Data section:
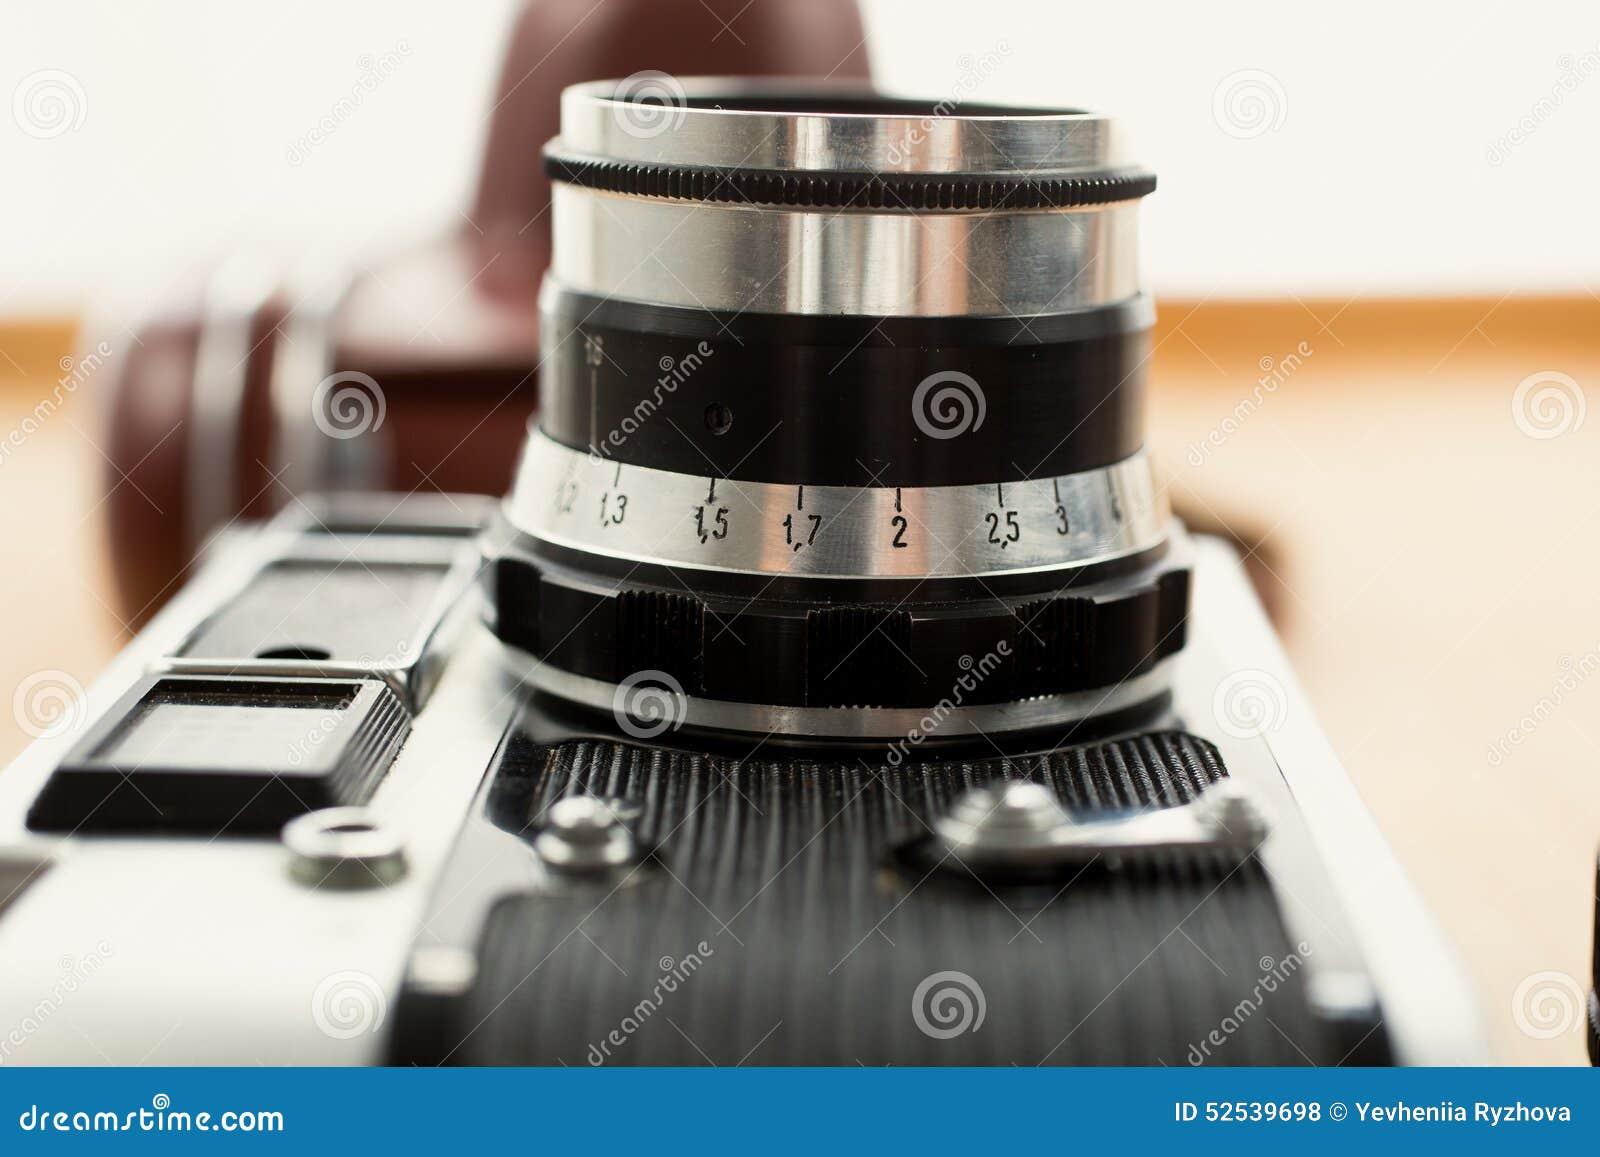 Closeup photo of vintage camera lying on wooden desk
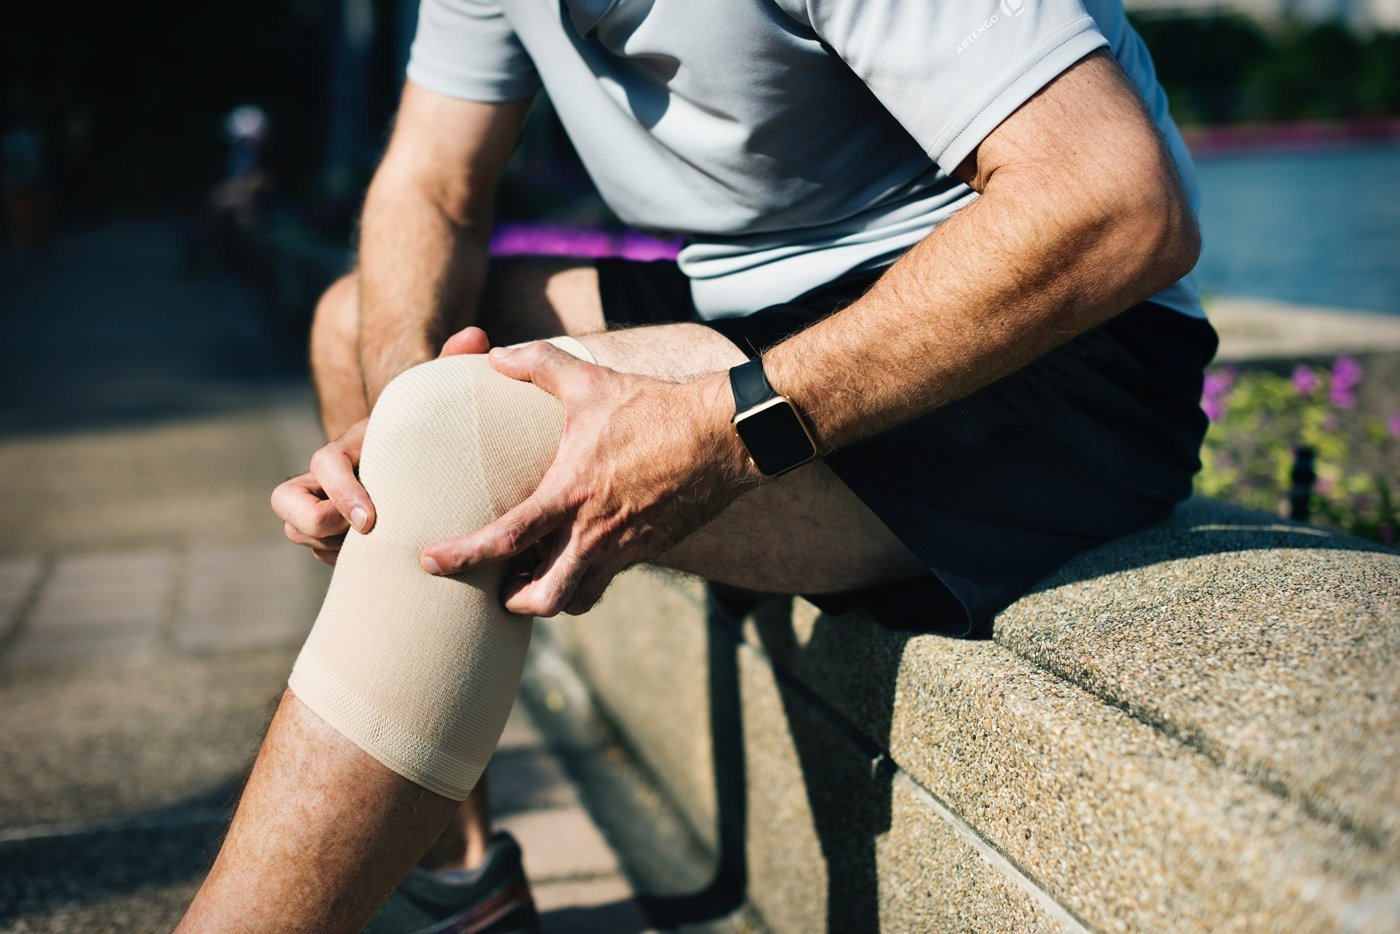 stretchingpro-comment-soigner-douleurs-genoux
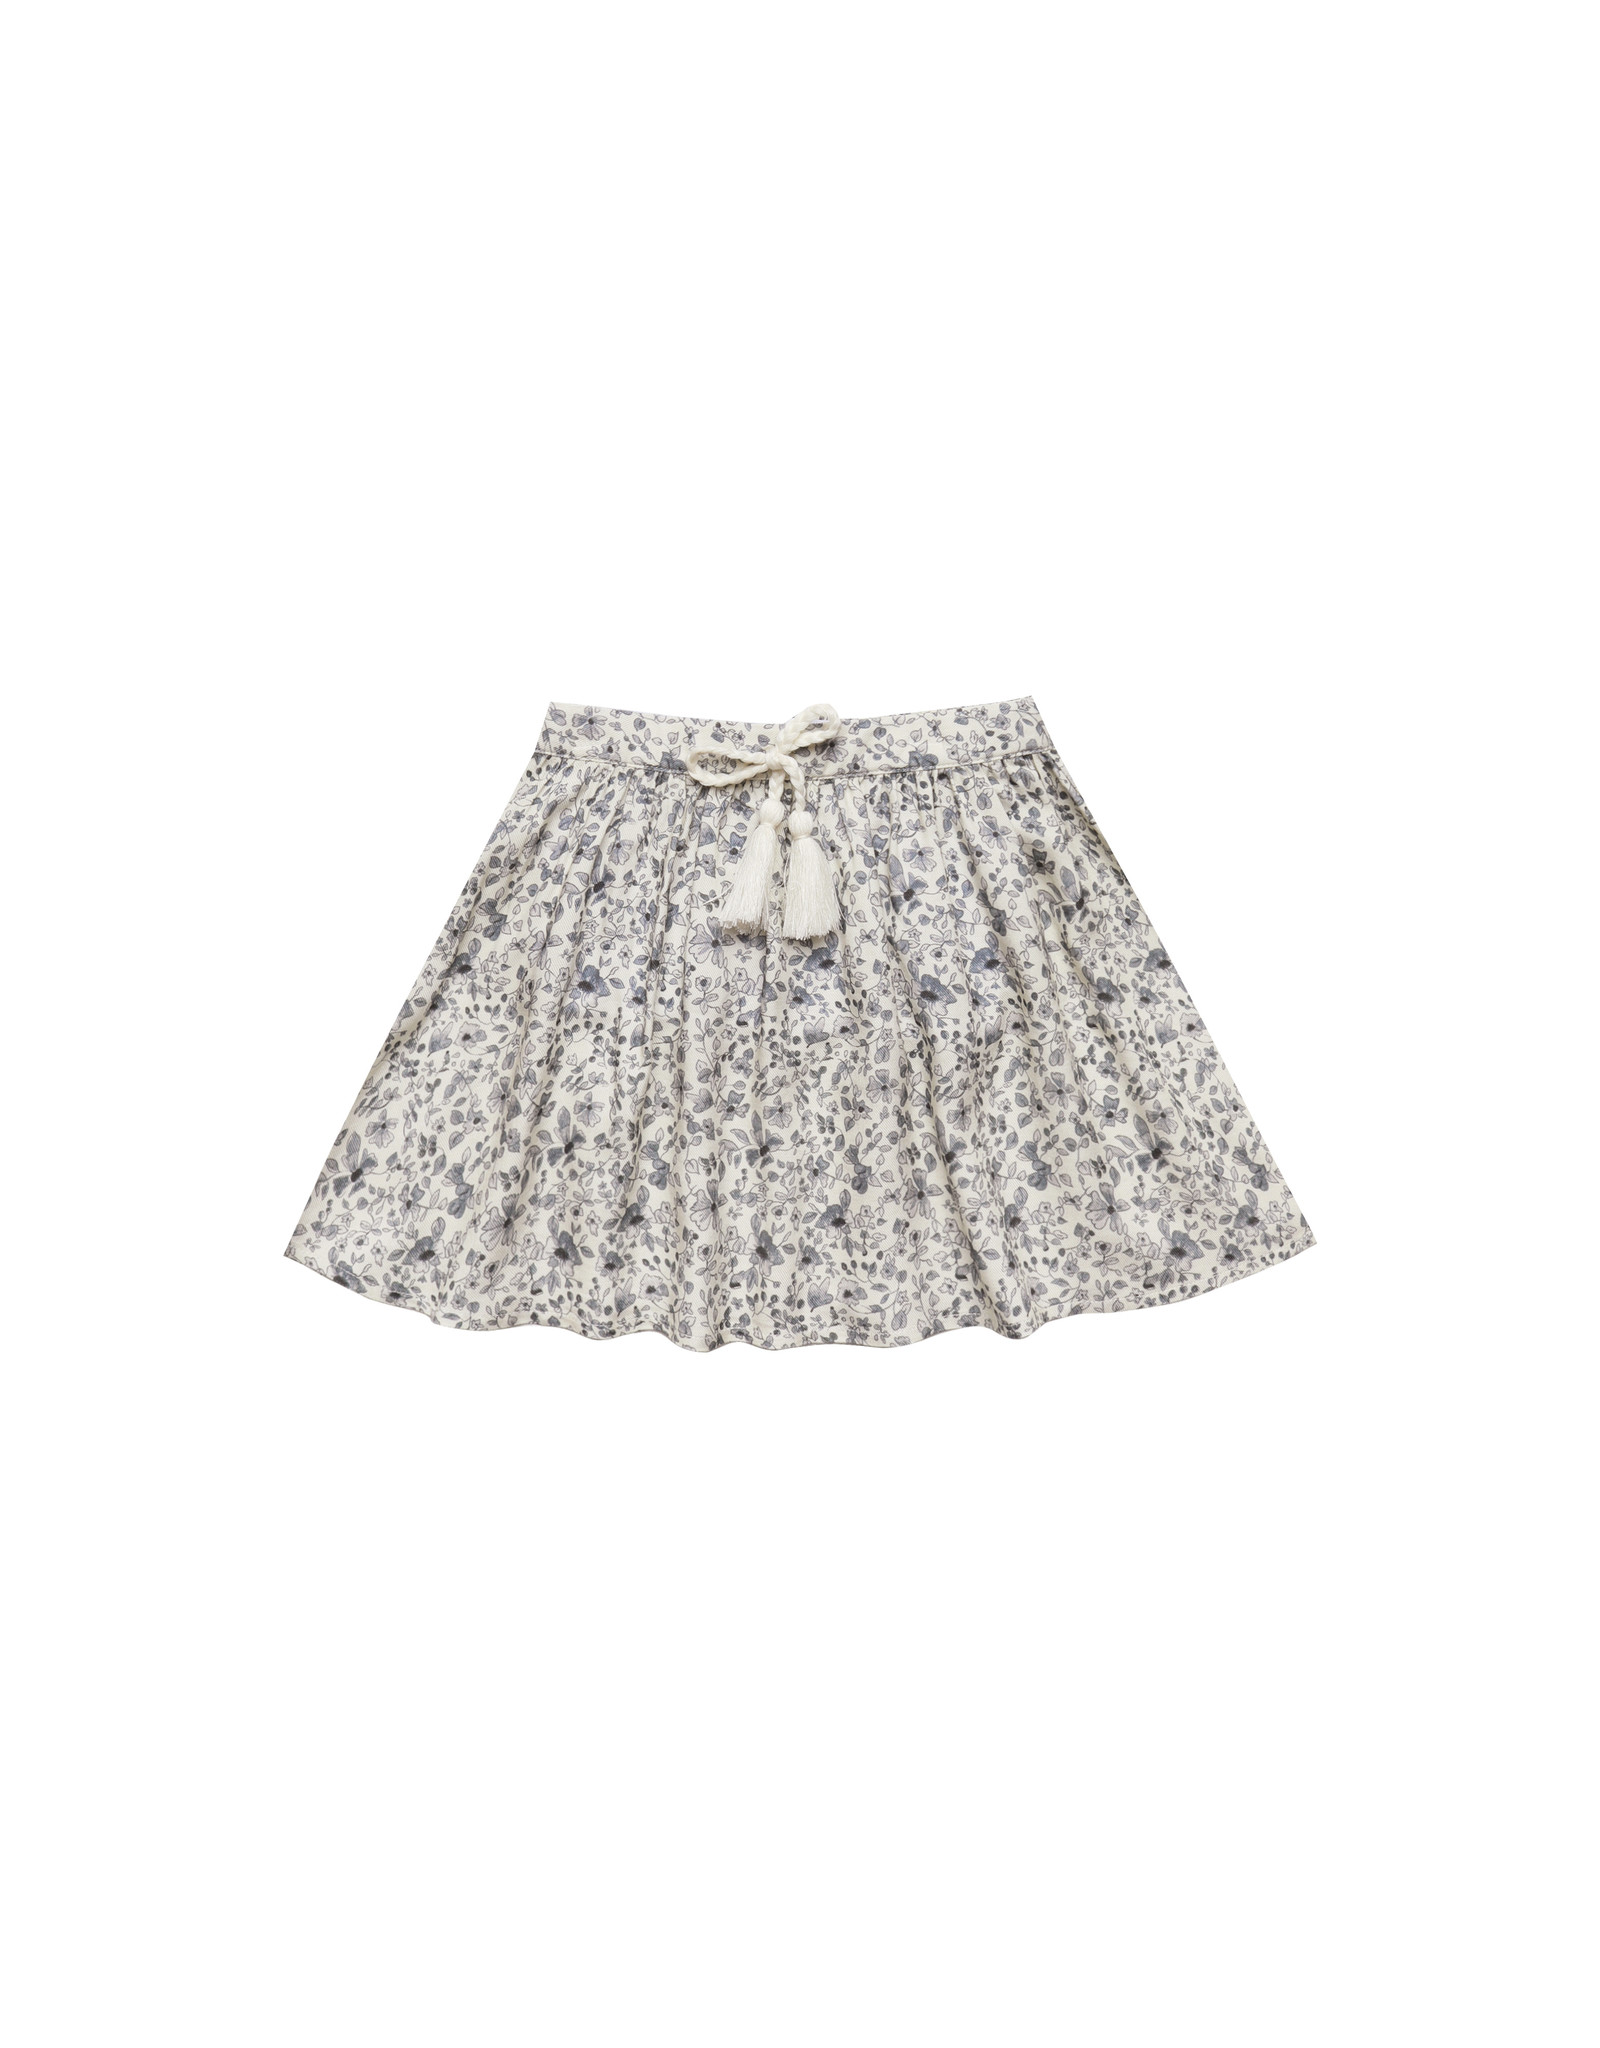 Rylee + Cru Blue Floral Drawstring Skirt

What you are asked to do:
Every line above should be retyped exactly; the pictures do not belong in the copy.

Written answer:
 Closeup photo of vintage camera lying on wooden desk
 stretchingpro-comment-soigner-douleurs-genoux
 Rylee + Cru Blue Floral Drawstring Skirt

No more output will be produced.